Wednesday, January 09, 2008

Congrats to Dr. Christine Sears on $7000 UAH Research Mini-Grant

Congratulations are in order for one of the department's newest members, Dr. Christine Sears! For her proposal on “Captive and Corsairs: The International Context of North African Corsairs, 1776-1830,” Christine has been awarded a $7019 UAH Research Mini-Grant. This grant will support a month of research in mid-Atlantic archives during the Summer of 2008. This research will help Christine turn her dissertation into a book manuscript.

In the late eighteenth and early nineteenth centuries, North African corsairs seized captives at sea and forcibly employed them in urban centers such as Tripoli, Algiers, and Tunis, until they died or were redeemed. Contemporary Westerners—and later historians—saw this as a barbarian, backward practice that impeded modern free trade. However, North African privateers operated within a set of long-standing customs and systems long recognized, and practiced, by Western countries. As Western countries moved from constrained trade and monopolies to free trade over the long nineteenth century, they continued to license their own privateers and to buy the prize ships and cargoes taken by North African corsairs while simultaneously denouncing the barbaric depredations of the corsairs.

With this research grant, Christine will continue looking at corsairs’ practices and Western reactions to them. Further, she will begin looking more directly at privateering and piracy in the Mediterranean and Atlantic worlds in order to put North African corsairs and reactions to them in a broader historical context.

History Major Veronica Ferreira (and Dr. Waring) Wins Research Grant!

Congratulations to History Major Veronica Ferreira, who has received a $3000 fellowship from the Research Experience for Undergraduates (REU) program at UAH to fund ten weeks of full-time research during the Summer of 2008. Veronica’s project -- which will be closely supervised by Dr. Stephen Waring -- will be an investigation of how the federal government attempted to regiment the sexuality of service women and men during the Second World War.

The primary source database for her research will be mainly online archival materials, training manuals and films, recruitment and educational posters, personal papers, and oral history interviews. The finished product will combine a paper written during the History Department's senior seminar (History 490) during Spring Semester 2008 with a REU paper of an additional 20-25 pages based on the summer research. She hopes to submit her paper for publication in a scholarly journal.
Congratulations, Veronica!

Photos from Dr. Waring's Archaeological Excursion in Peru



Dr. Stephen Waring travelled to Peru in December to visit historical and archaeological sites, as well as have some tourist and culinary adventures.
Highlights included the Moche Temple of the Moon, the adobe city of Chan Chan, the museum for the Lord of Sipan, the art and architecture of Cuzco, the Inca Sacred Valley and mountaintop city of Machu Picchu, and the Nazca lines and Chauchilla Cemetery.

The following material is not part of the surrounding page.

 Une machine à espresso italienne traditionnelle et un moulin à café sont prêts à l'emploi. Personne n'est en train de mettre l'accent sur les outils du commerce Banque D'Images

Here Waring experiences an Incan "flying staircase" at Ollantaytambo and photographs a two thousand year old textile at Chauchilla. He wants to return to Peru someday with his daughters and some students to hike the Inca Trail.

Tuesday, January 08, 2008

Congratulations to Dr. Boucher on Yet Another Book!



Congratulations to Dr. Philip Boucher, Emeritus Distinguished Professor of History, on the publication of his new book -- his fourth! -- France and the American Tropics to 1700: Tropics of Discontent? (The Johns Hopkins University Press, 2007).

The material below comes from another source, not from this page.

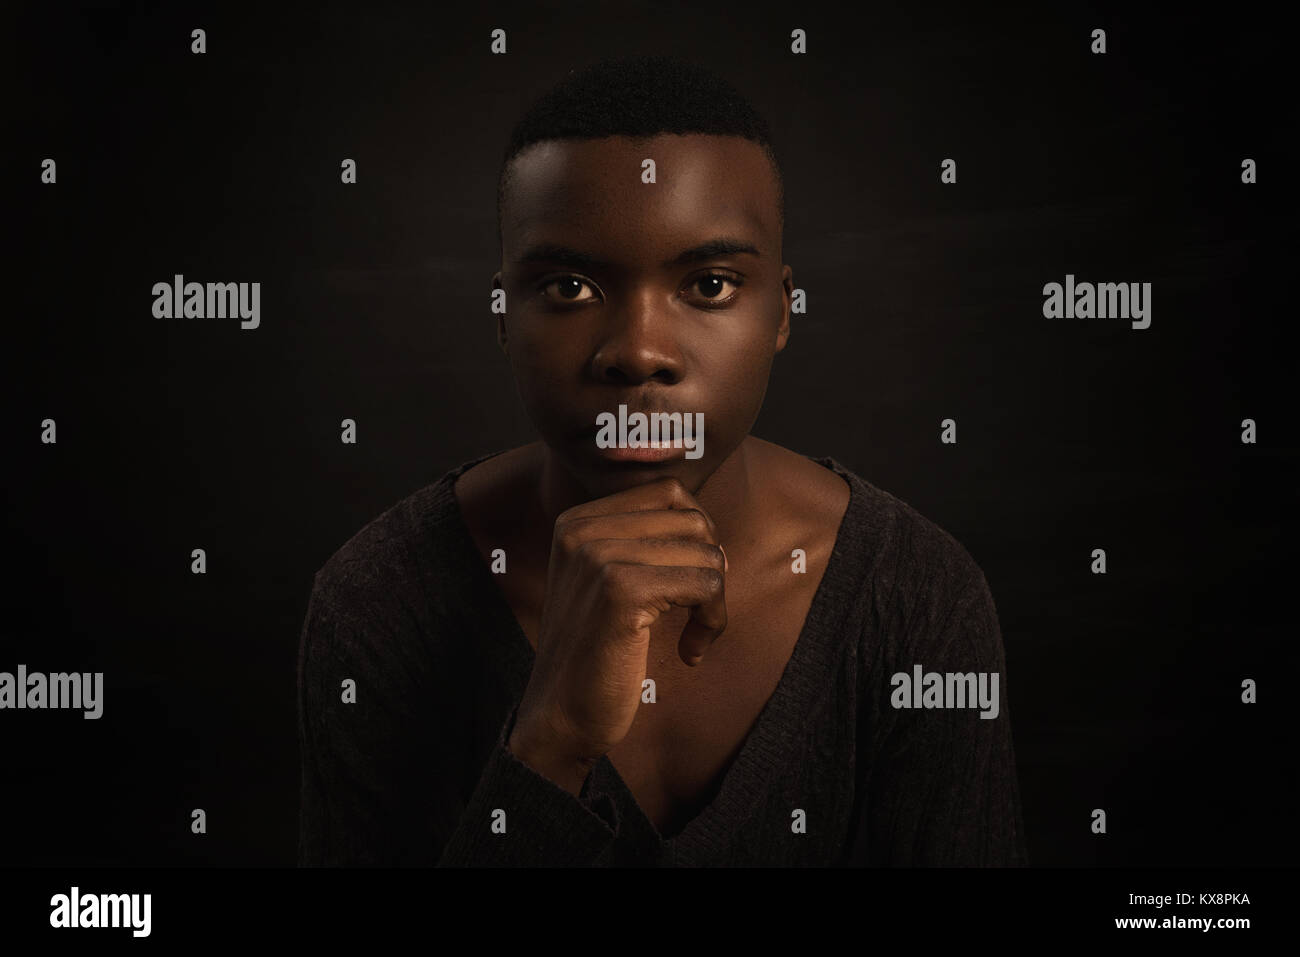 Ritratto di giovane africano, guardando la fotocamera con espressione seria Foto Stock

Here are some excerpts from the book description:

"Traditionally, the story of the Greater Caribbean has been dominated by the narrative of Iberian hegemony, British colonization, the plantation regime, and the Haitian Revolution of the eighteenth century. Relatively little is known about the society and culture of this region -- and particularly France's role in them -- in the two centuries prior to the rise of the plantation complex of the eighteenth century. Here, historian Philip P. Boucher offers the first comprehensive account of colonization and French society in the Caribbean.

Boucher's analysis contrasts the structure and character of the French colonies with that of other colonial empires. Describing the geography, topography, climate, and flora and fauna of the region, Boucher recreates the tropical environment in which colonists and indigenous peoples interacted. He then examines the lives and activities of the region's inhabitants -- the indigenous Island Caribs, landowning settlers, indentured servants, African slaves, and people of mixed blood, the gens de couleur. He argues that the sixteenth and seventeenth centuries were not merely a prelude to the classic plantation regime model. Rather, they were an era presenting a variety of possible outcomes. This original narrative demonstrates that the transition to sugar and the plantation complex was more gradual in the French properties than generally depicted -- and that it was not inevitable."

Dr. Boucher, who officially retired in August, is teaching his final two courses at UAH -- one section of Western Civ and a graduate course on Early Modern Europe -- on a post-retirement contract this semester. He will then continue his research and writing at home here in Huntsville and at his new vacation cabin in the mountains near Mentone, on the Alabama-Georgia border.